## What the task asks
Return all the data below as it stands, minus the pictures.

## Exercise data
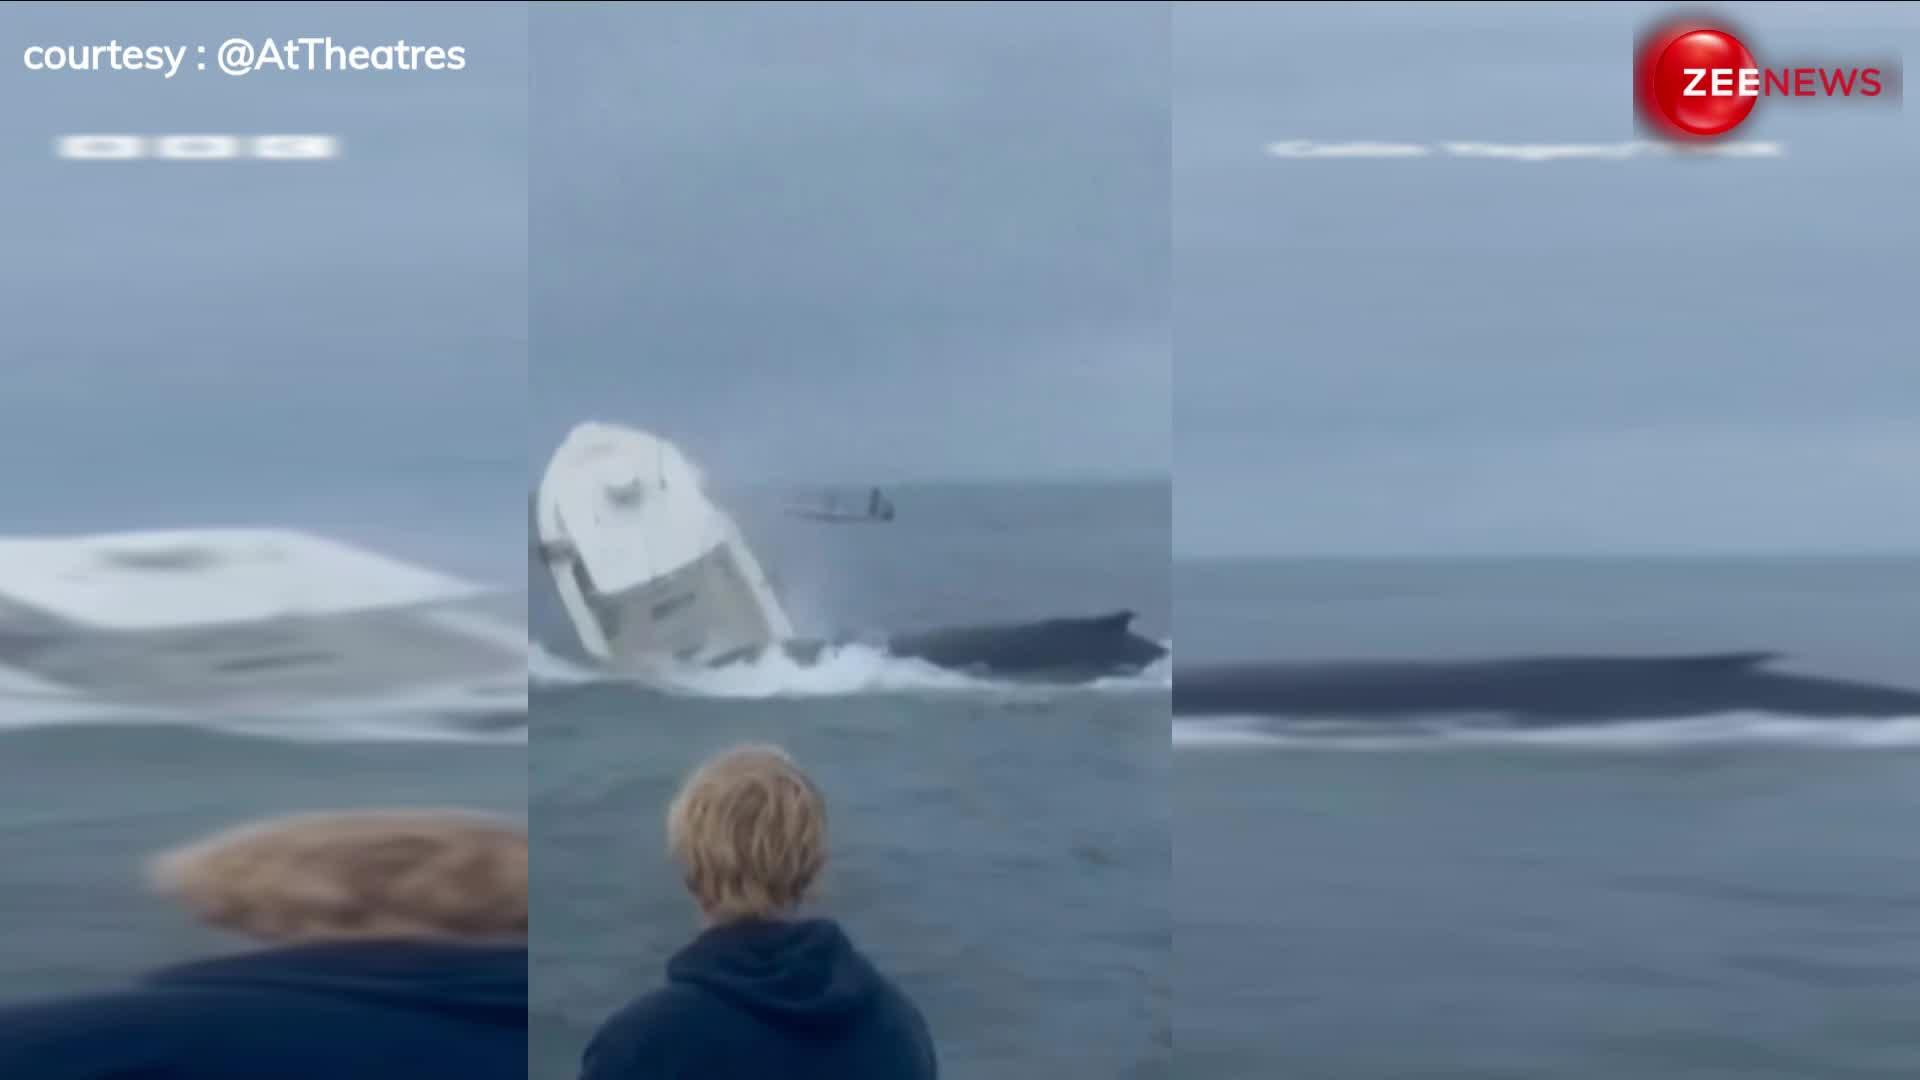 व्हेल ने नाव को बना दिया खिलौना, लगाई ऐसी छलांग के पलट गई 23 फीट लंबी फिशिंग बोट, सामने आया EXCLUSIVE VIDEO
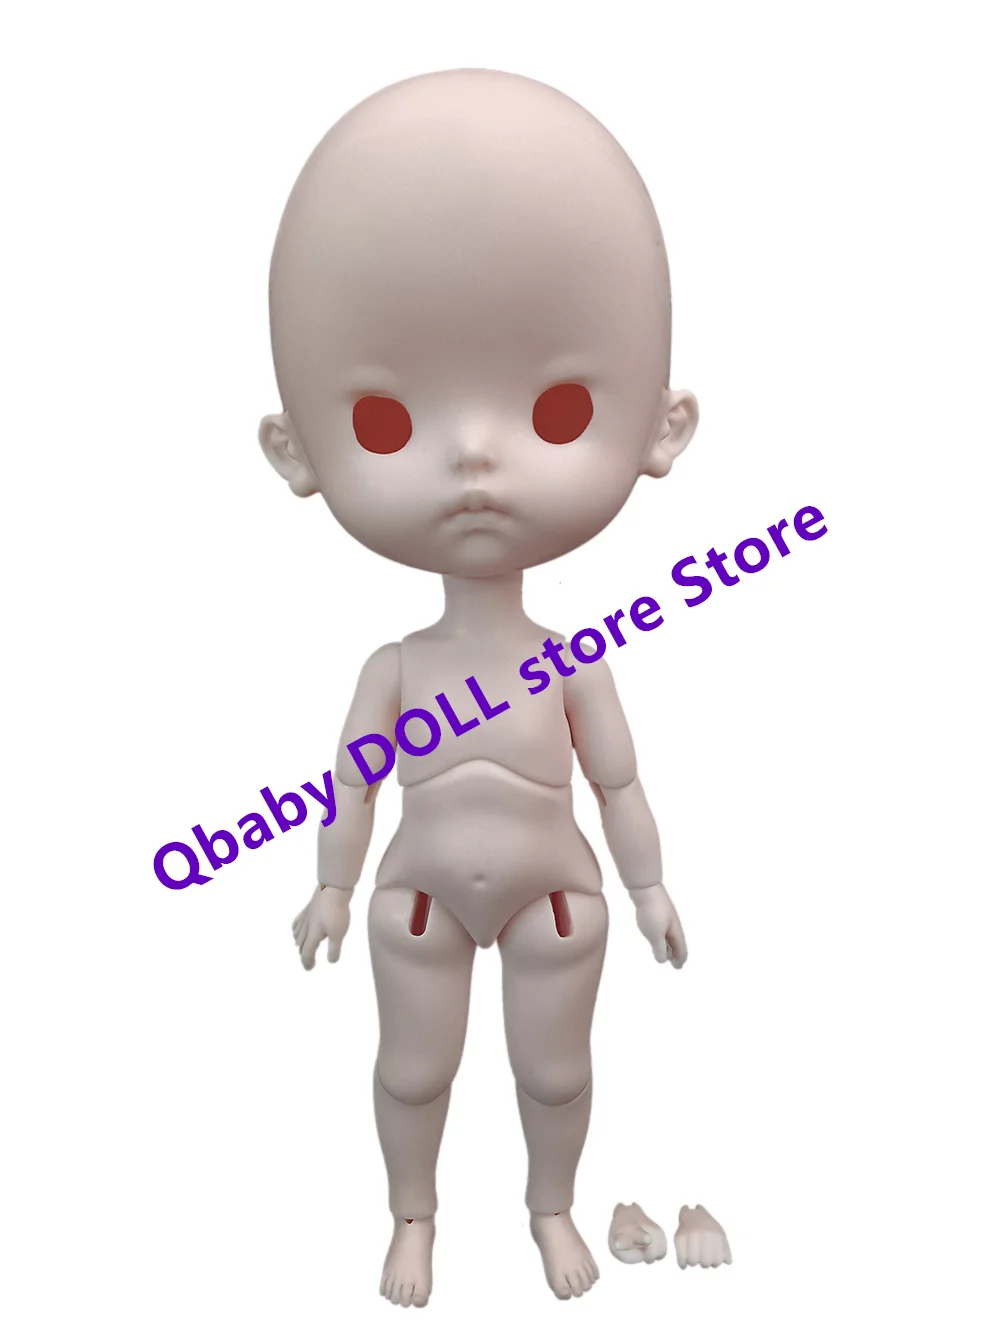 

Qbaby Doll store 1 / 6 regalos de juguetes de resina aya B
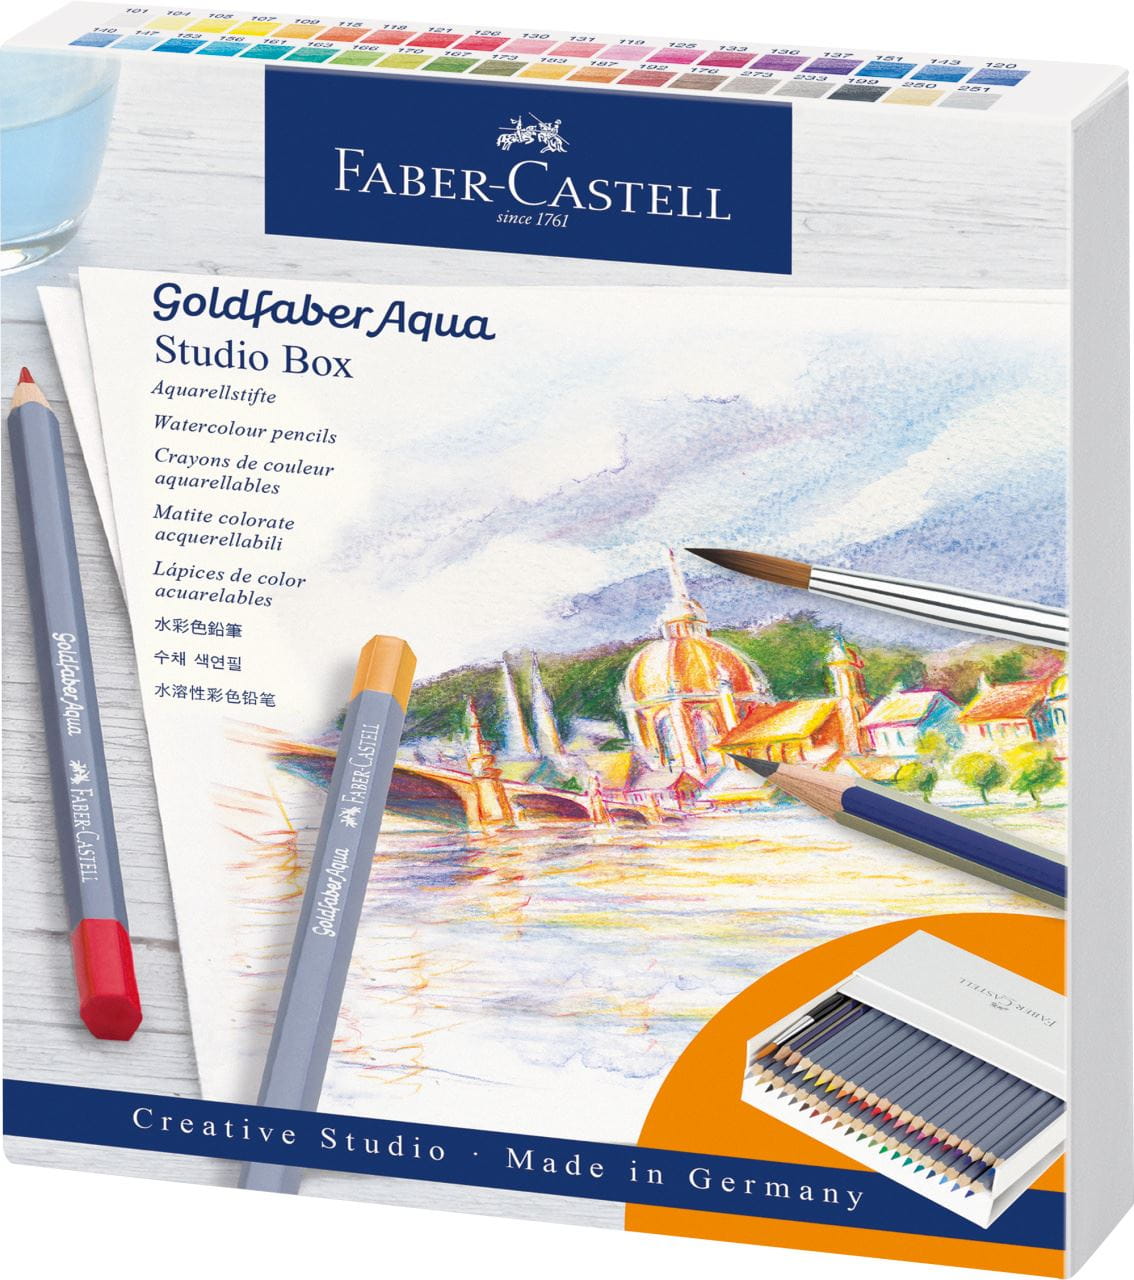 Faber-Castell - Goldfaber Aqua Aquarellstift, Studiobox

## Reply to the task
 व्हेल ने नाव को बना दिया खिलौना, लगाई ऐसी छलांग के पलट गई 23 फीट लंबी फिशिंग बोट, सामने आया EXCLUSIVE VIDEO

Qbaby Doll store 1 / 6 regalos de juguetes de resina aya B
 Faber-Castell - Goldfaber Aqua Aquarellstift, Studiobox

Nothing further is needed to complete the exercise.